▶ _Task prompt_: A word-for-word reproduction of the data below is needed, with no pictures in it.

*** Information provided Section Begins ***

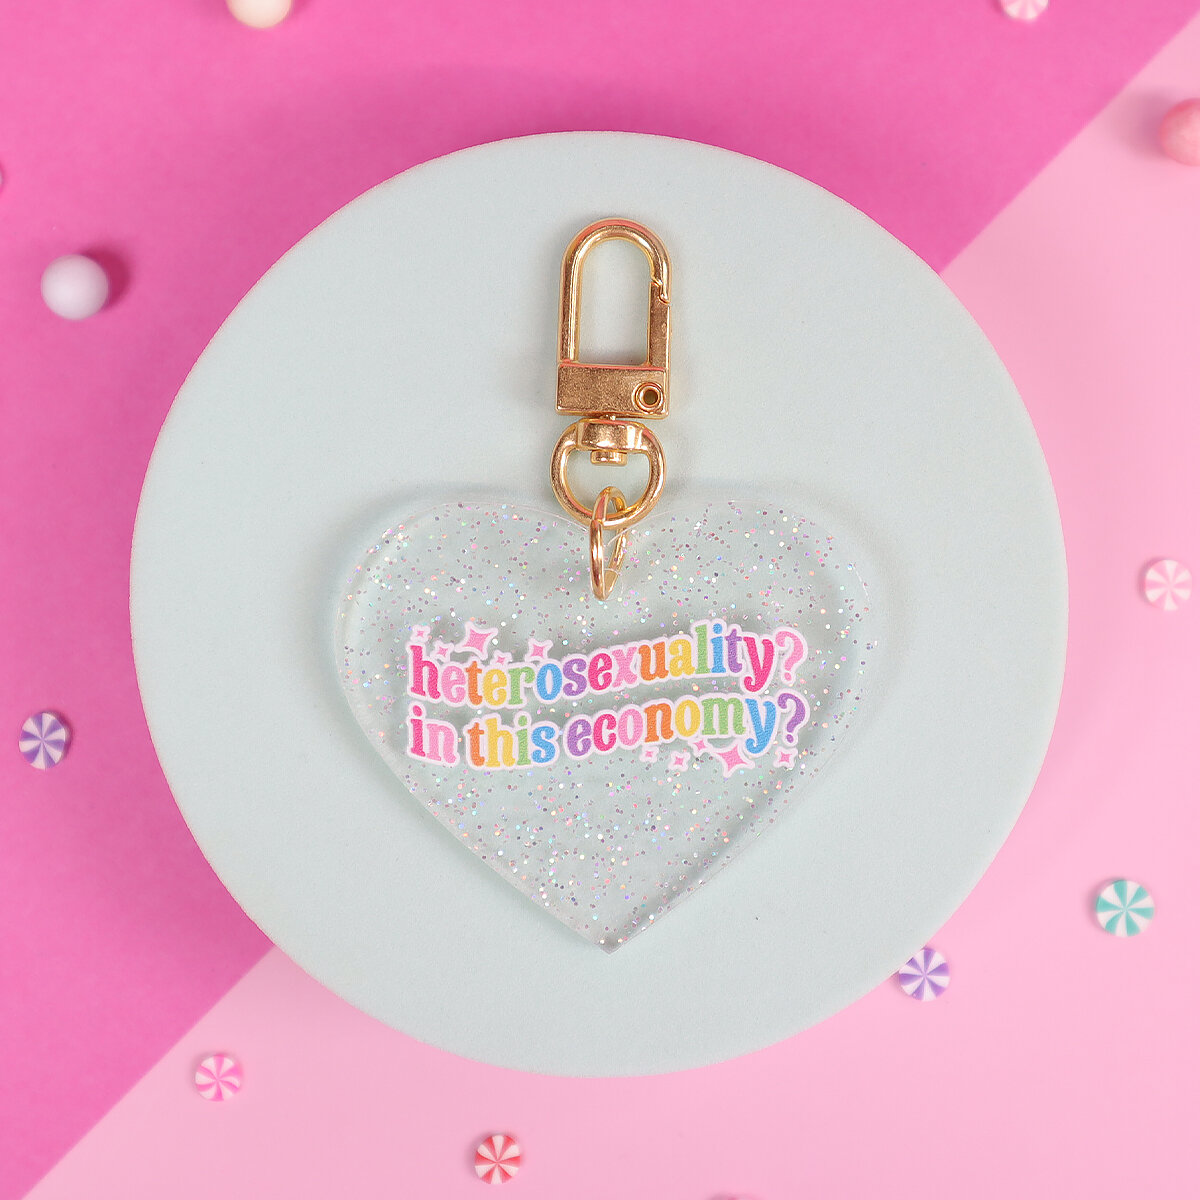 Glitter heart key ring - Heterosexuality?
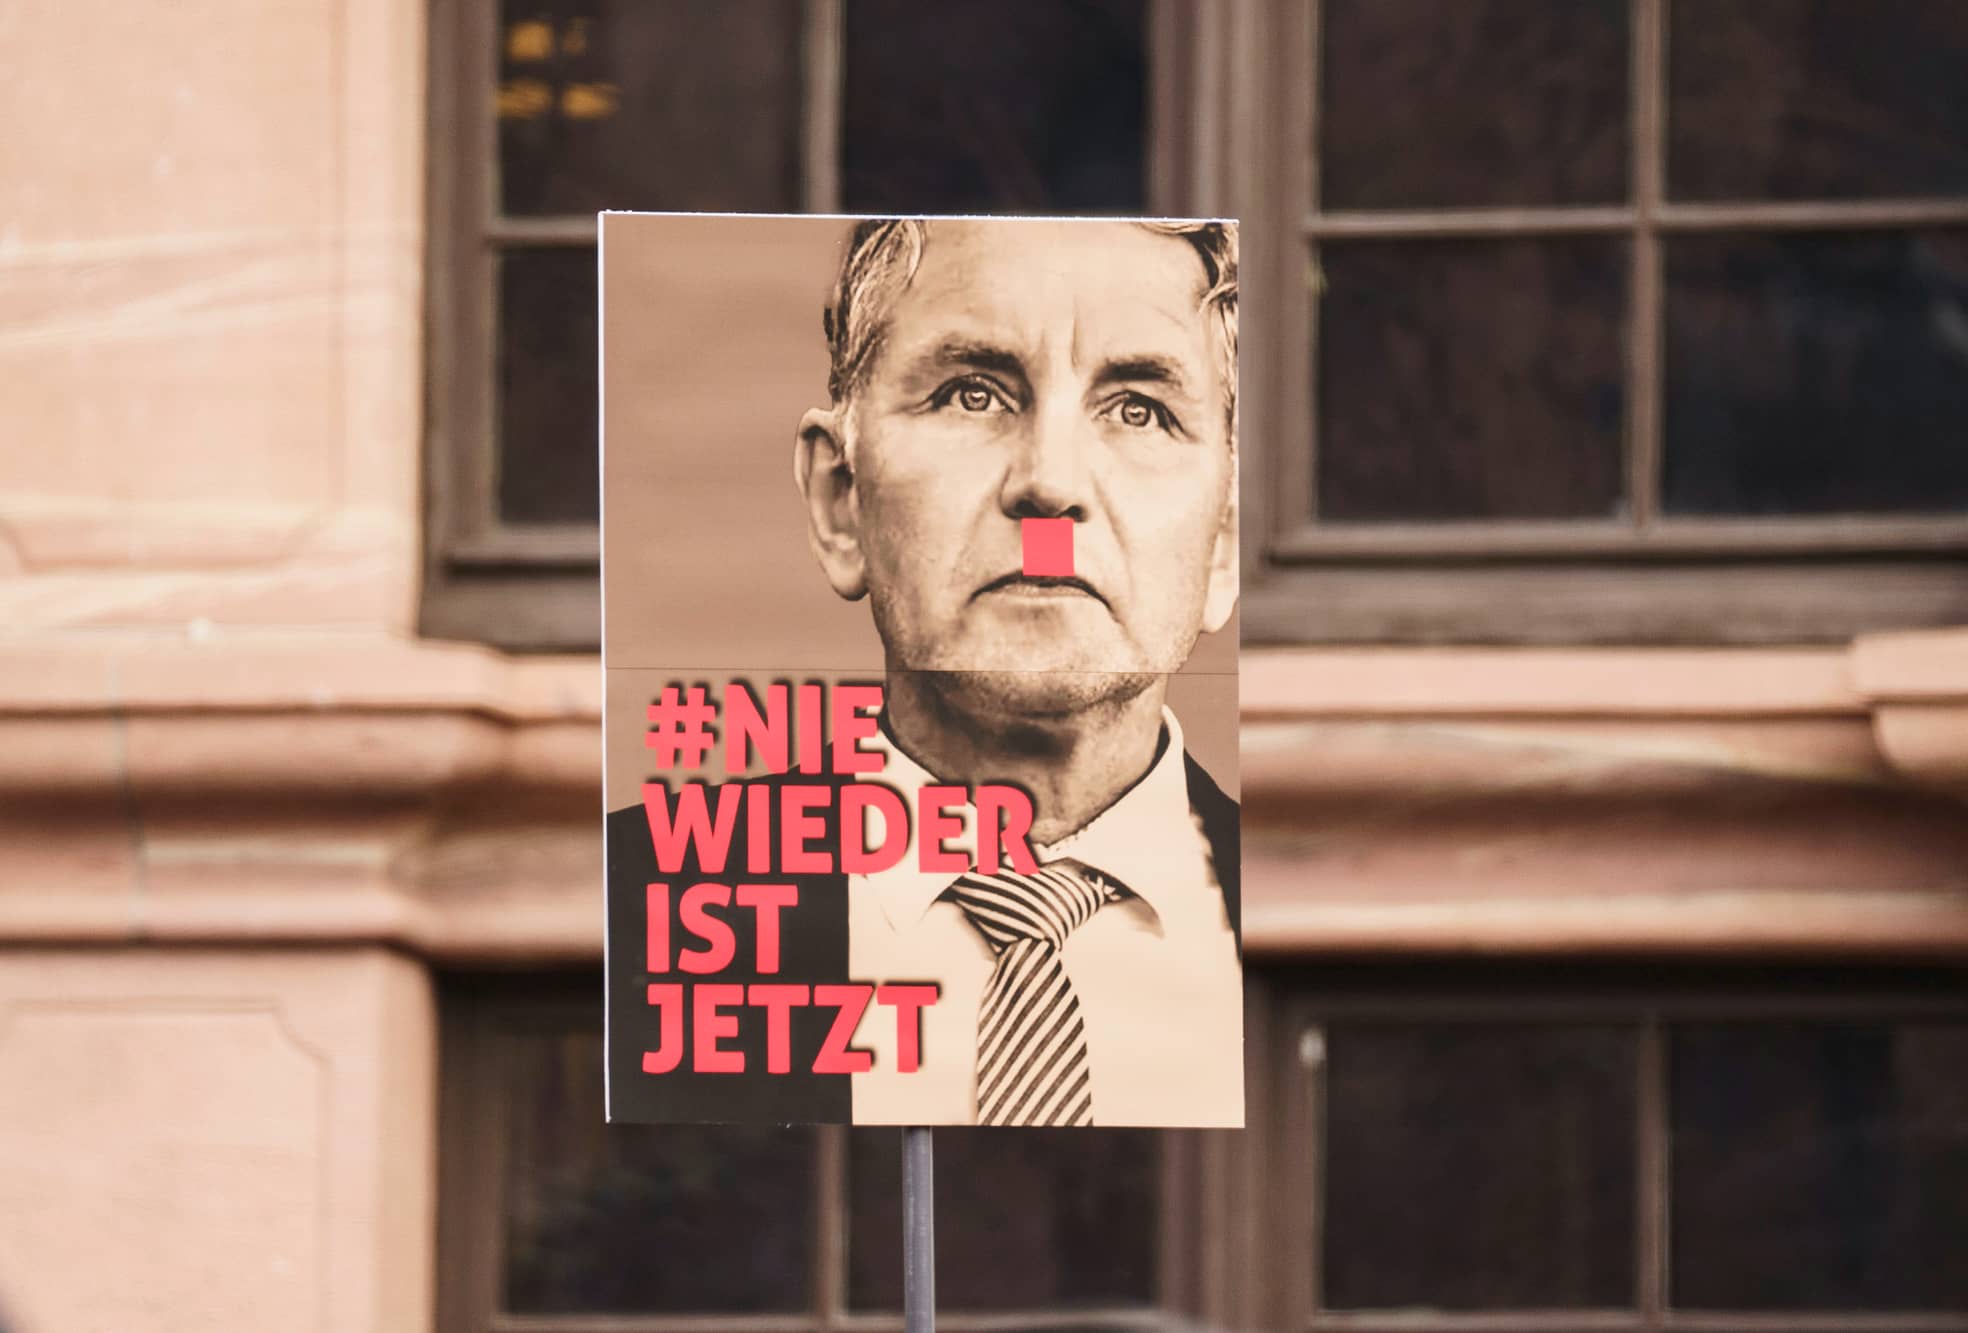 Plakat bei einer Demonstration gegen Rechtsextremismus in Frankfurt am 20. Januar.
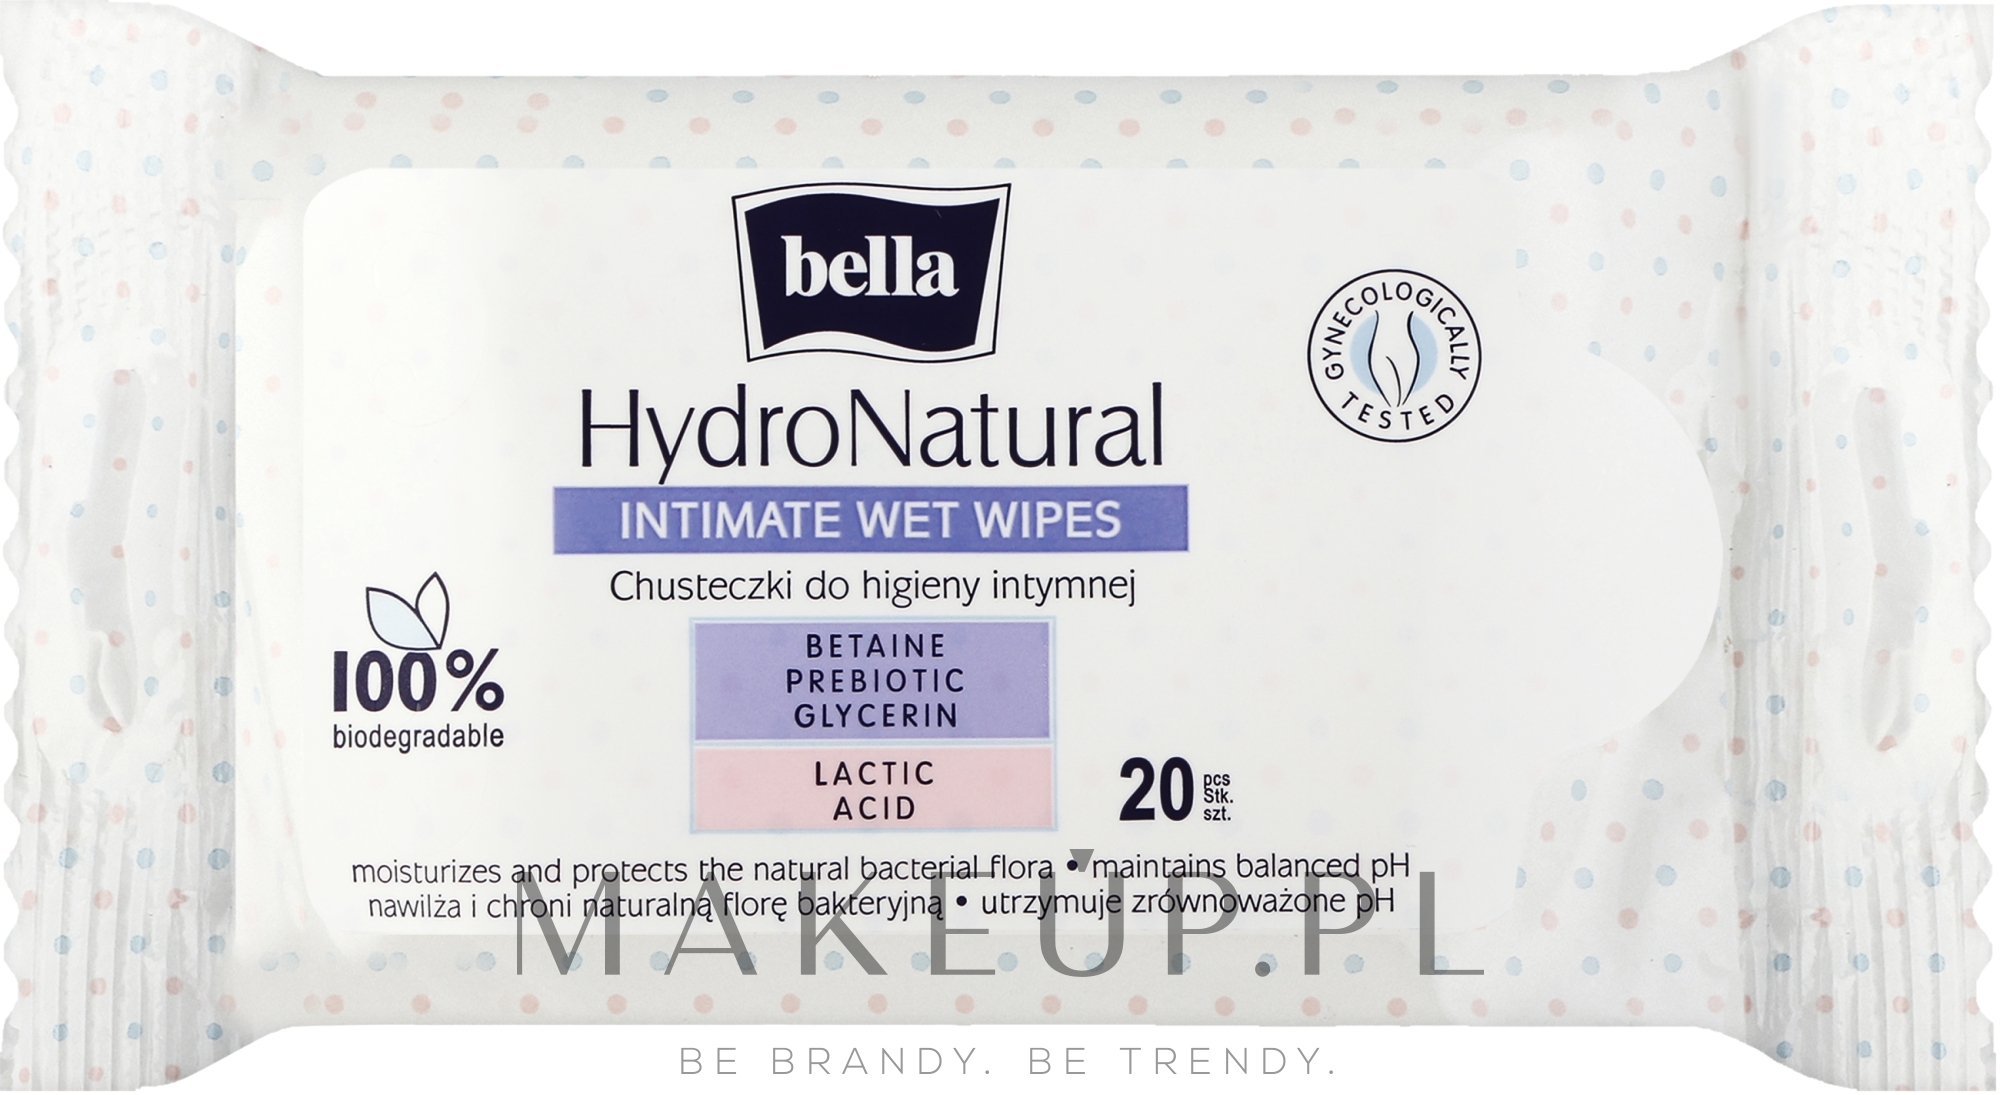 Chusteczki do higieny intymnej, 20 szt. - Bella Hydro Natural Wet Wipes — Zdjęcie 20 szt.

*** Information provided Section Ends ***

▶ _Answer for the task_:
 Glitter heart key ring - Heterosexuality?
 Plakat bei einer Demonstration gegen Rechtsextremismus in Frankfurt am 20. Januar.
 Chusteczki do higieny intymnej, 20 szt. - Bella Hydro Natural Wet Wipes — Zdjęcie 20 szt.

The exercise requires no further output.